明治という時代は、270年続いた江戸幕藩体制を根底から改革し、日本が近代国家として世界史の中にデビューした超ダイナミックな時代です。王政復古、大政奉還、版籍奉還、廃藩置県、秩禄処分、四民平等、戸籍制度、地租改正、貨幣制度と国立銀行、警察と軍隊の整備、通信、郵便、電信、鉄道、国民皆教育制度、殖産興業、大日本帝国憲法発布、国会開設。幕末から維新へ、明治政府の発足後の諸制度の整備までわずか30~40年の間に次々と近代国家の骨組みをつくりあげました。

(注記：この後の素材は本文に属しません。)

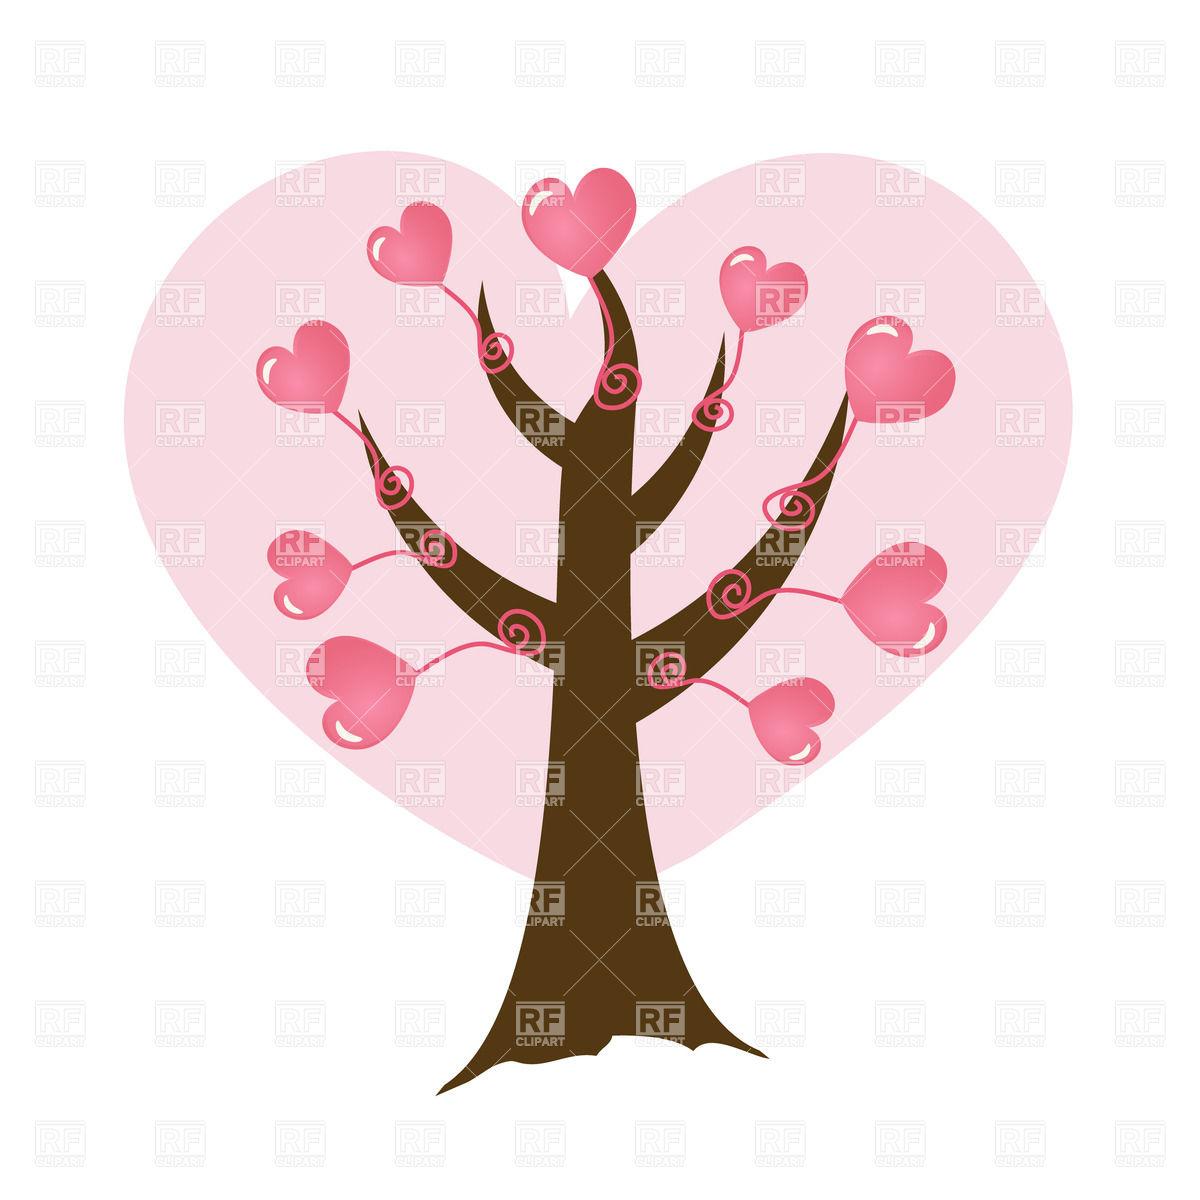 1200x1200 Abstract Cartoon Tree With Heart Look Foliage Royalty Free Vector

更にアジアに目を向け明治のダイナミズムを象徴する日本人がいました。インド独立運動志士のひとりラス・ビハリー・ボースを英国の追求から守った相馬愛蔵、黒光夫妻と愛娘俊子さんの活躍です。新宿中村屋の創始者として活躍した相馬夫妻はビハリーボースさんを匿い、愛娘俊子さんはビハリーボースさんと結婚しています。また同時代の実業家梅屋庄吉さんは、近代中国建国の父、孫文を支え、実業で得た資金を惜しみなく孫文の革命資金として提供したと言われています。日比谷の松本楼に梅屋さんの活躍の一端が紹介されています。二人は明治政府の高官でもなく官営製鉄所や銀行など重要な産業を興した立役者でもありません。どちらかというと市井の実業家ですがアジア各国の独立に目を向けて、革命家たちに具体的支援を続けたことが、明治の持つダイナミズムの象徴ではないかと思います。
中国とインドが現世界を動かすメインプレイヤーに成長した現在、100年近く前に力を尽くした骨太の日本人の存在を誇りに思います。